The South African colonies were well on the way to uniting with or without the war- the economic centre of gravity had decisively shifted to Johannesburg. The Cape and Natal colonies were absolutely dependent on the customs revenue gained by the shipping of Transvaal gold on their railways to their ports.
The historian Ian Phimister argues that the British drive to war in 1899 should be understood as an attempt to take control of a process of confederation that was already underway and ensure that it took place under the auspices of the Empire.
For example, in 1896 the Colonial Undersecretary Lord Selborne wrote a memorandum warning that:
"The key to the future of South Africa is in the Transvaal… the richest spot on earth… [it] is going to be the natural capital state and centre of South African commercial, social and political life…. [the loss of rail revenues would drive the Cape and Natal] to the verge of bankruptcy, so dependent are they upon their rail revenue. It needs no words to prove what a powerful use could be made of this instrument in squeezing the British South African Colonies into joining a United South African Republic."
He was right. By 1898 the ZAR had completed its own rail link to the Portuguese coast- and the Cape's profit from rail revenues dropped from 349,000 pounds to 1896 (at the time of Selborne's memorandum) to almost nothing in 1898.
This brings us to the major point:
For the Boer Republics to be in any position to unify northern South Africa- and to do so once Rhodesia exists- the gold rush has to happen. However, once the gold rush happens, those republics will steadily lose their Boer character.

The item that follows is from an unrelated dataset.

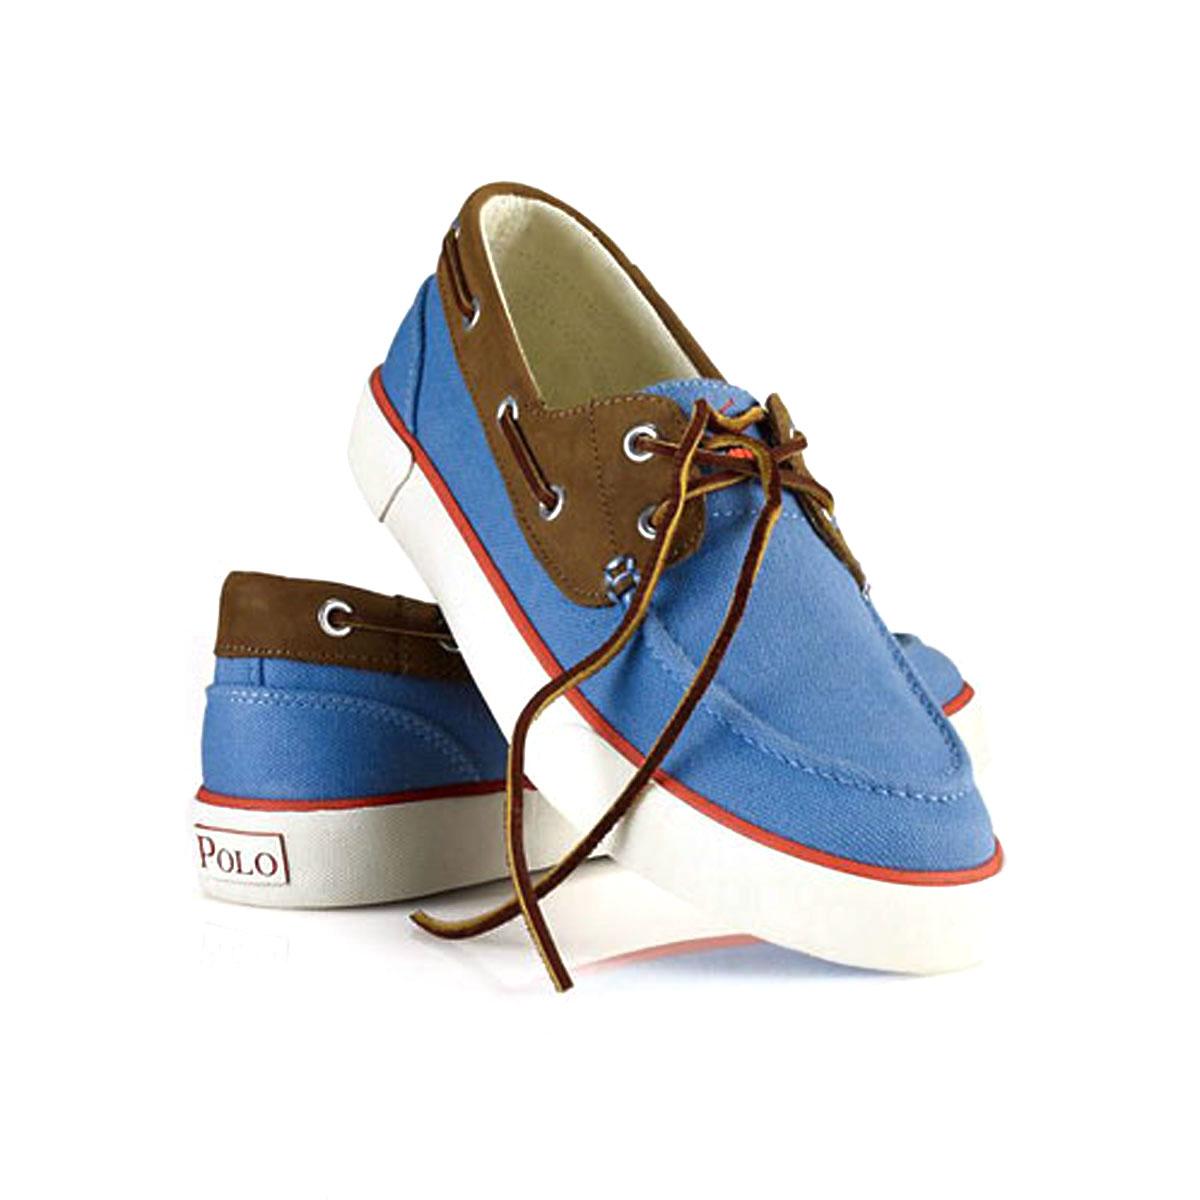 Polo Ralph Lauren POLO RALPH LAUREN genuine men s deck shoes campus  Rylander Canvas Boat Shoe BLUE 10P22Jul14 bad46bece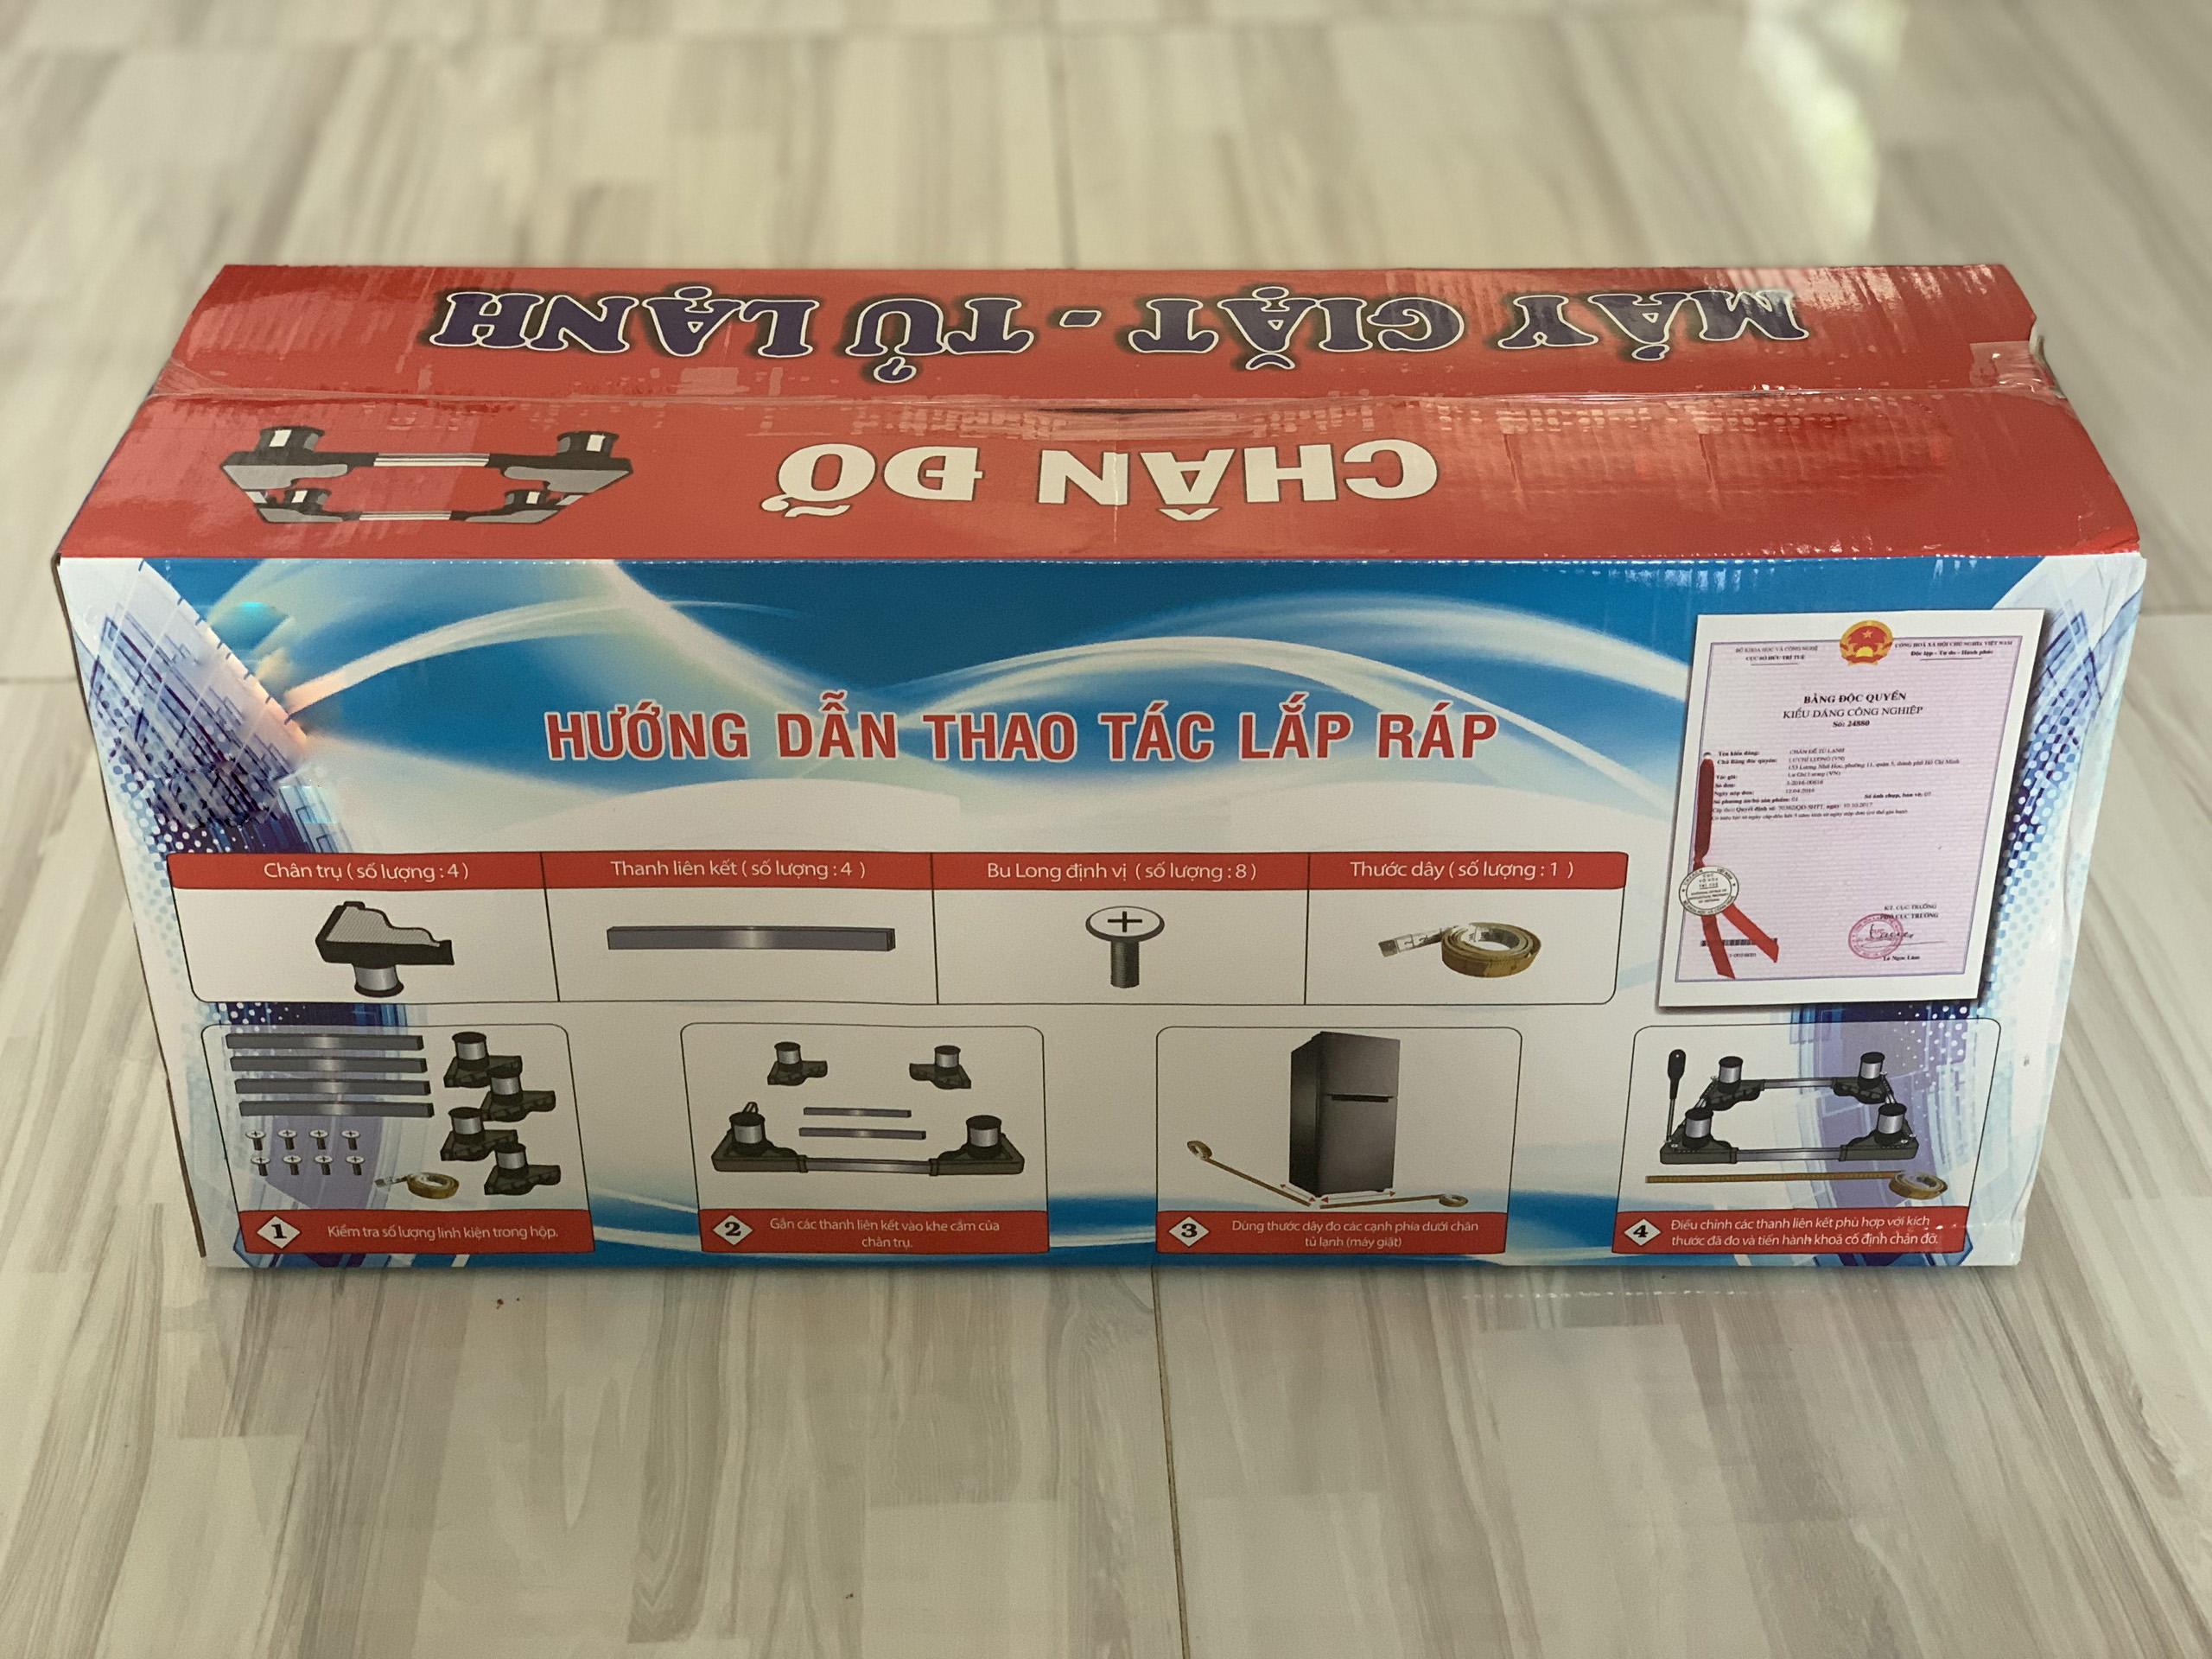 Kệ chân đế máy giặt tủ lạnh inox cao cấp 55x77cm INOX dày 1mm

By the time of the war, the Uitlanders (foreign-born residents, chiefly British) outnumbered the Boers. One of the reasons Paul Kruger went to war is that he knew that any political concessions- the granting of the vote, for example- would immediately end the agrarian, ultra-Calvinist character of the Transvaal.
But: for all the British talk about Uitlander rights before the outbreak of the war, they didn't necessarily want those rights to be granted by anyone other than the British.
Because once the Uitlanders are in control of the state, they don't need the Empire's protection any more- and as Selborne put it, “this country so powerful in its future wealth and population must be a British Republic if it is not a British Colony… [and] would assuredly attract to itself all the British Colonies in South Africa.”
The Boers could have protected the character of their states by winning a short war with the British and then expelling the Uitlanders. In the process, however, they would have utterly crippled their economy and provided the British with a perfect casus belli for a third war, one that this time they would actually have prepared for.
TL,DR: By the time Rhodesia is established, the South African gold rush is underway. Once the gold rush has happened, South Africa is on a ticking clock to some kind of unification- and it almost certainly won't be by the Boers.